Earlier this year, American Bernie Sanders warned us about the failures of corporate media. In How Corporate Media Threatens Democracy, he wrote:

…For years, major crises like climate change, the impact of trade agreements on our economy, the role of big money in politics and youth unemployment have received scant media coverage. Trade union leaders, environmentalists, low-income activists, people prepared to challenge the corporate ideology, rarely appear on our TV screens.

Media is not just about what is covered and how. It is about what is not covered. And those decisions, of what is and is not covered, are not made in the heavens. They are made by human beings who often have major conflicts of interest.

As a general rule of thumb, the more important the issue is to large numbers of working people, the less interesting it is to corporate media. The less significant it is to ordinary people, the more attention the media pays. Further, issues being pushed by the top 1 percent get a lot of attention. Issues advocated by representatives of working families, not so much.

For the corporate media, the real issues facing the American people— poverty, the decline of the middle class, income and wealth inequality, trade, healthcare, climate change, etc.—are fairly irrelevant. For them, politics is largely presented as entertainment. With some notable exceptions, reporters are trained to see a campaign as if it were a game show, a baseball game, a soap opera, or a series of conflicts…

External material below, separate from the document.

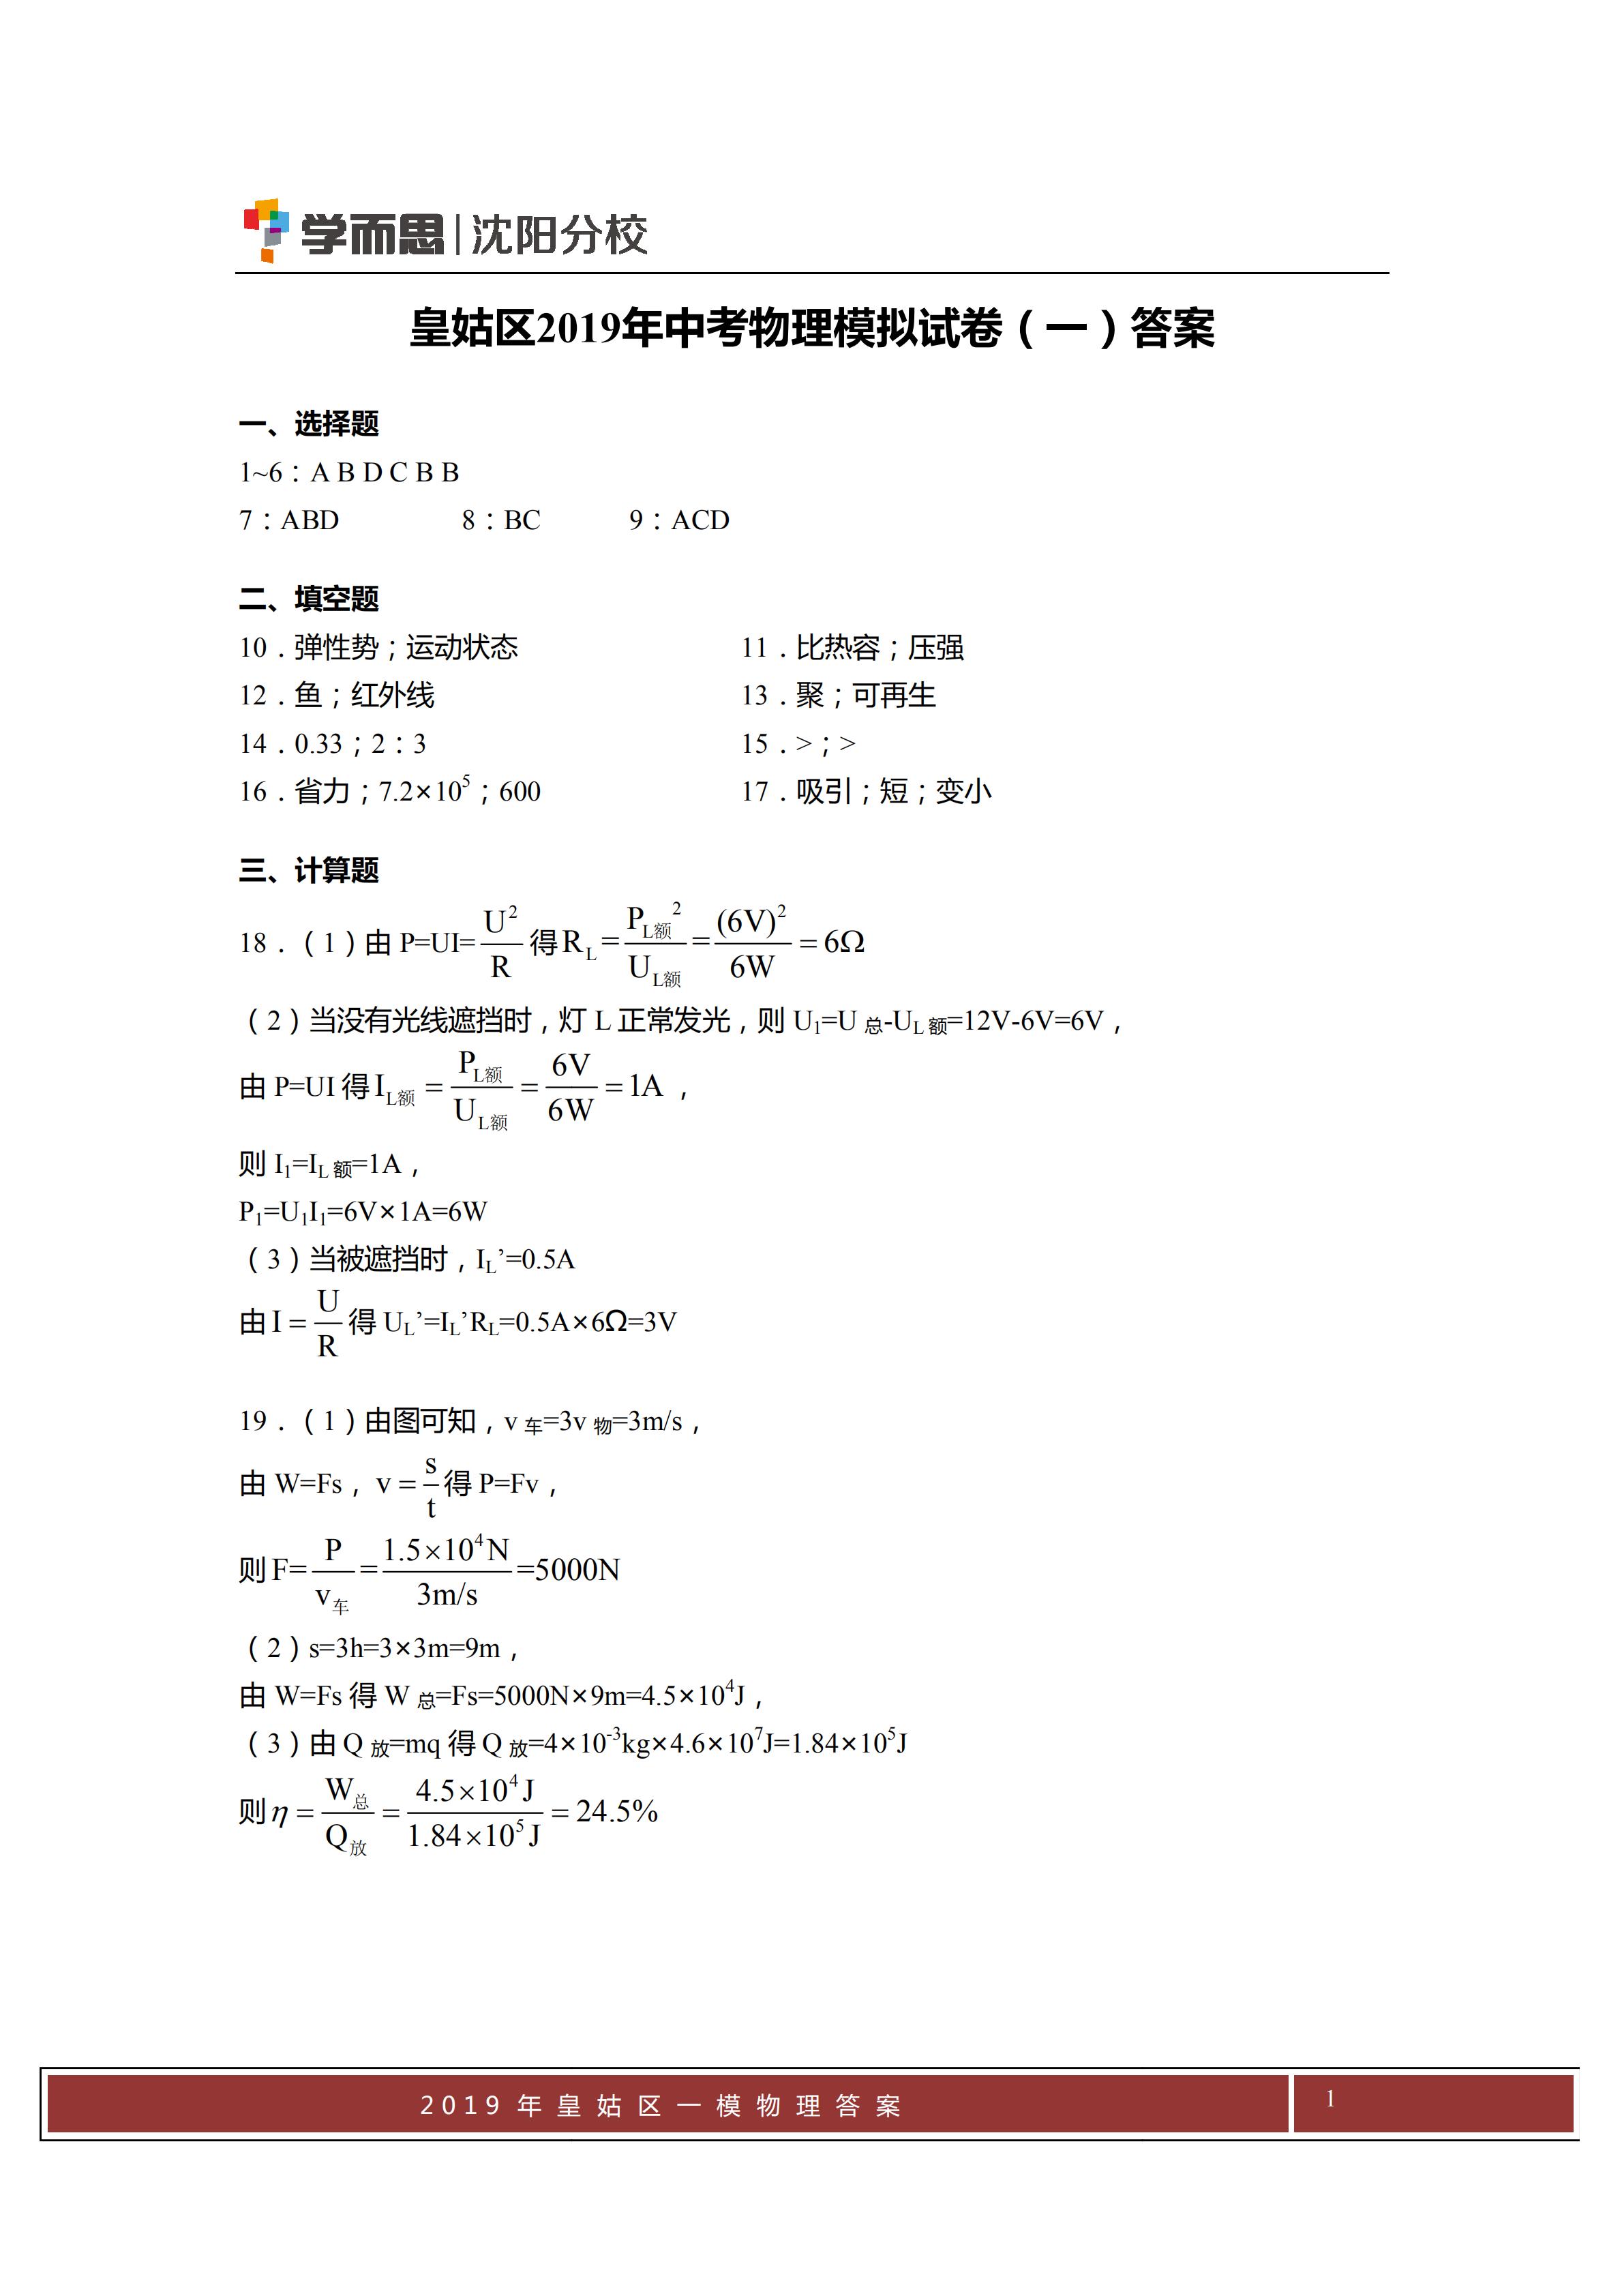 2019年皇姑区物理一模试卷答案_00.png

In recent days, Postmedia showed how its partnership with the Canadian Association of Petroleum Producers affects information circulated:

shill-warning-sign 200This week, aging veterans of the BC Press Gallery demonstrated their loyalties again.

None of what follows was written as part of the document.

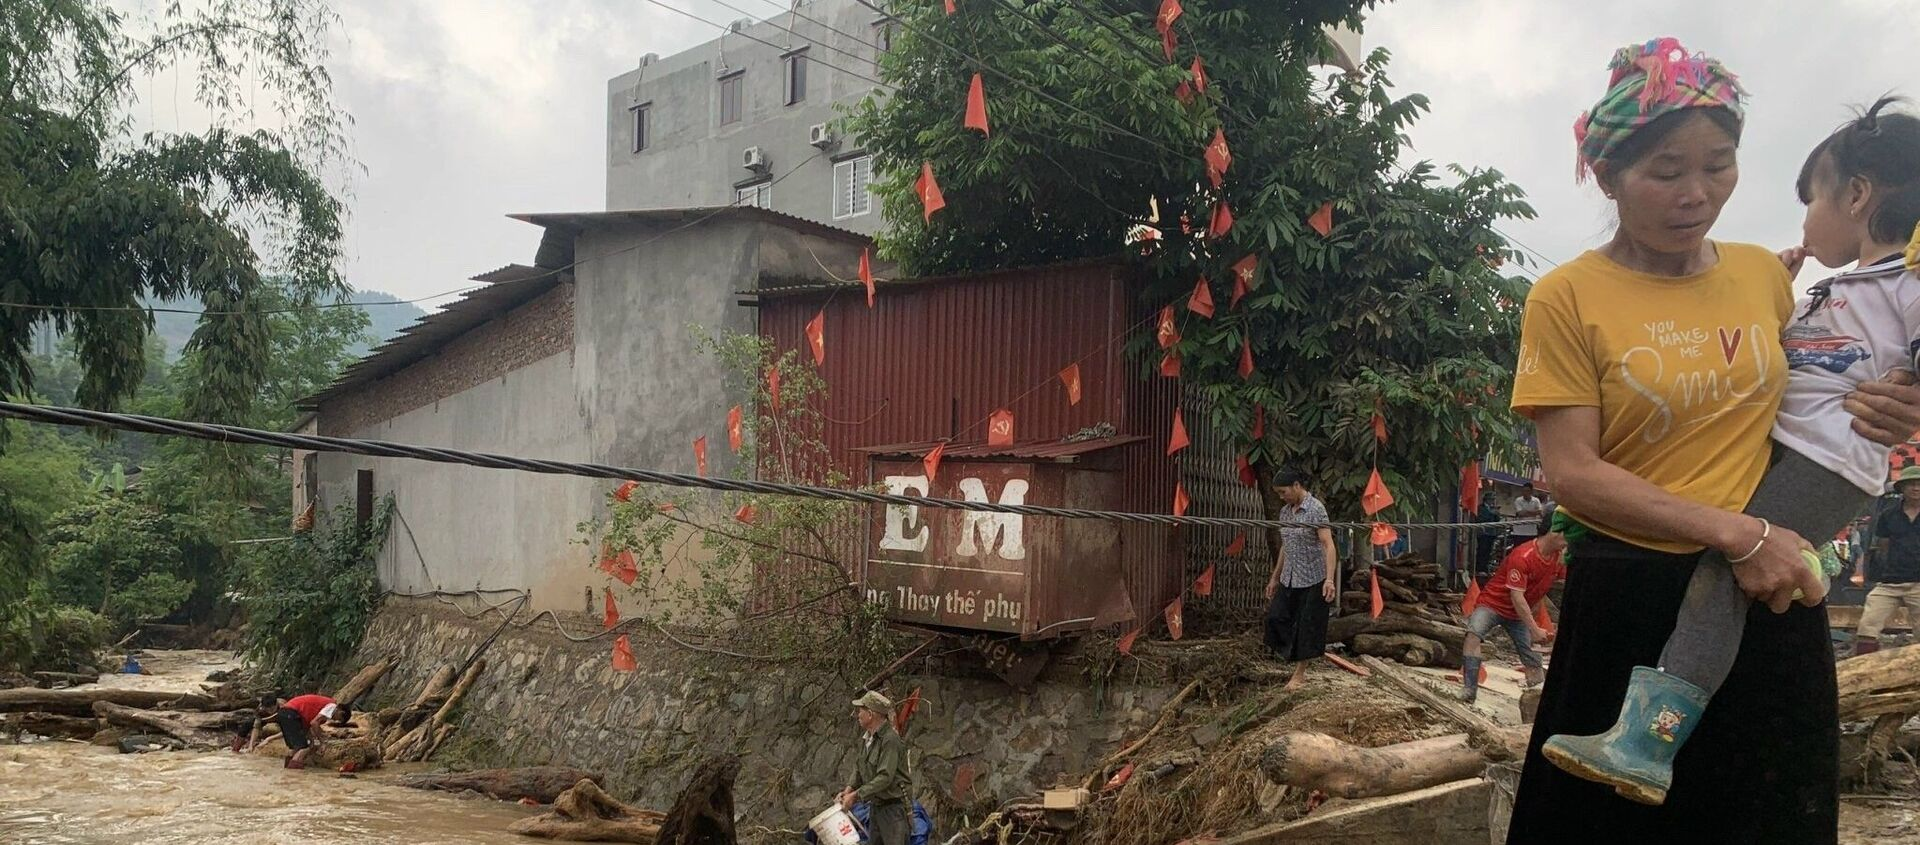 Mưa lũ gây nhiều thiệt hại tại Lào Cai. - Sputnik Việt Nam, 1920, 24.05.2021

It appears Vaughn Palmer wants to keep Site C construction underway and Liberals absolved of responsibility for BC Hydro’s disastrous situation:

…if the New Democrats do kill Site C, ratepayers would be facing a 10 per cent hike with nothing to show for it…

Palmer wrote that Energy Minister Michelle Mungall was “chippy” but that MLA Tracy Redies, former CEO of Coast Capital Savings Credit Savings Union, demonstrated expertise and “was able to elicit significant information.” He could have added that the information was already on the public record but this was about painting a complimentary portrait of the woman who departed Coast Capital unexpectedly with a huge severance payout after the member-owned bank donated large sums to the BC Liberal Party.

Palmer writes that BCUC “departed from past practice by basing cost comparisons on the low end of the range of Hydro’s load forecasts, instead of going with the middle” but he says nothing about how the commission thought even the low forecasts were too high. Of course, they knew the record of hugely overstated demand growth is long and consistent. Adding that fact might have informed Palmer’s readers in a way that didn’t serve the writer’s purposes.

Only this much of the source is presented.